HR Legislation in the Stoned Age: Marijuana Legalization

HR Legislation in the Stoned Age: Marijuana Legalization

Roughly 62% of Americans say marijuana use should be legalized. This sentiment has been steadily increasing over the past decade, according to a Pew Research Center survey. Although the percentage of U.S. adults who support legalization has changed little from about a year ago—when 61% favored it— it is double what it was in 2000 (31%).

This trend poses unique challenges to employers in the healthcare and life sciences industries, where vulnerable populations rely on workers for their well-being and safety.

But first, let’s take a look at the road to legalization. In 1996, California became the first state to legalize marijuana for medical use. Fast forward to 2019, where thirty-three states, the District of Columbia, Guam, Puerto Rico, and the US Virgin Islands have since followed suit.

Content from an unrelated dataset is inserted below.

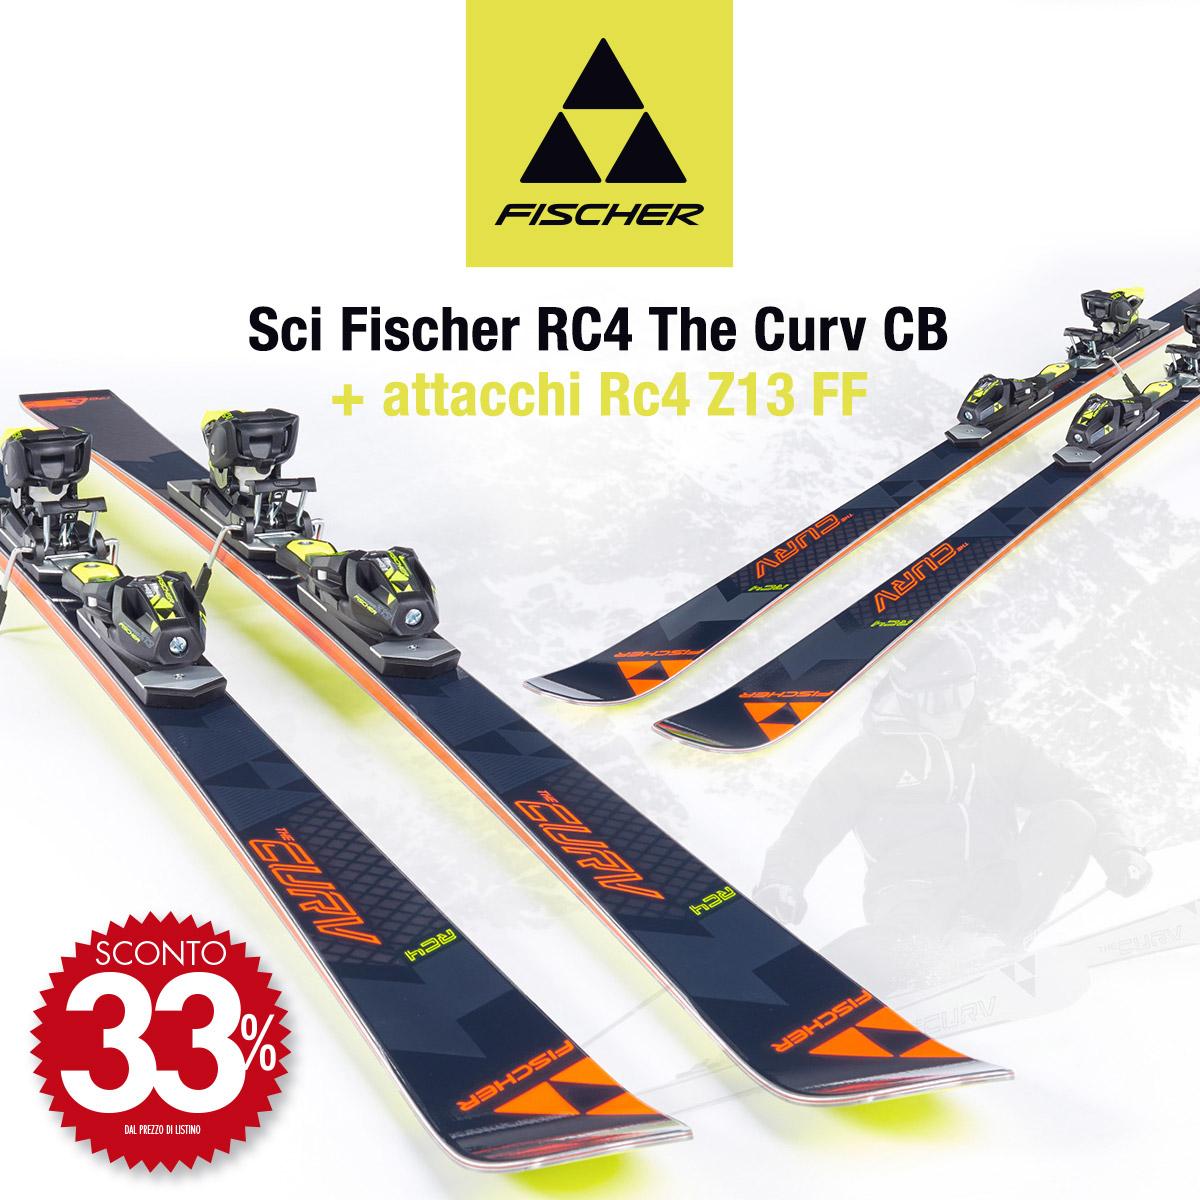 Fischer RC4 The Curv CB: adrenalina pura per sciatori senza compromessi

In 2012, Colorado and Washington state spearheaded the legalization of marijuana for recreational use. Subsequently, nine other states—California, Maine, Alaska, Massachusetts, Michigan, Nevada, Oregon, Illinois and Vermont— and the District of Columbia have legalized it.

Legislation protecting employees

Some states have gone further than just decriminalizing marijuana; they’ve also passed laws and established policies that protect the rights of employees who use it.

In Maine, the Medical Use of Marijuana Act prohibits employers from refusing to employ or exact a penalty against a person over the age of 21 based solely on that person’s status as a qualifying patient or caregiver under the MMUMA, unless doing so would place the employer in violation of federal law or cause the employer to lose a federal contract or funding.  Further any testing for marijuana must be in compliance with a Maine Department of Labor approved drug testing policy.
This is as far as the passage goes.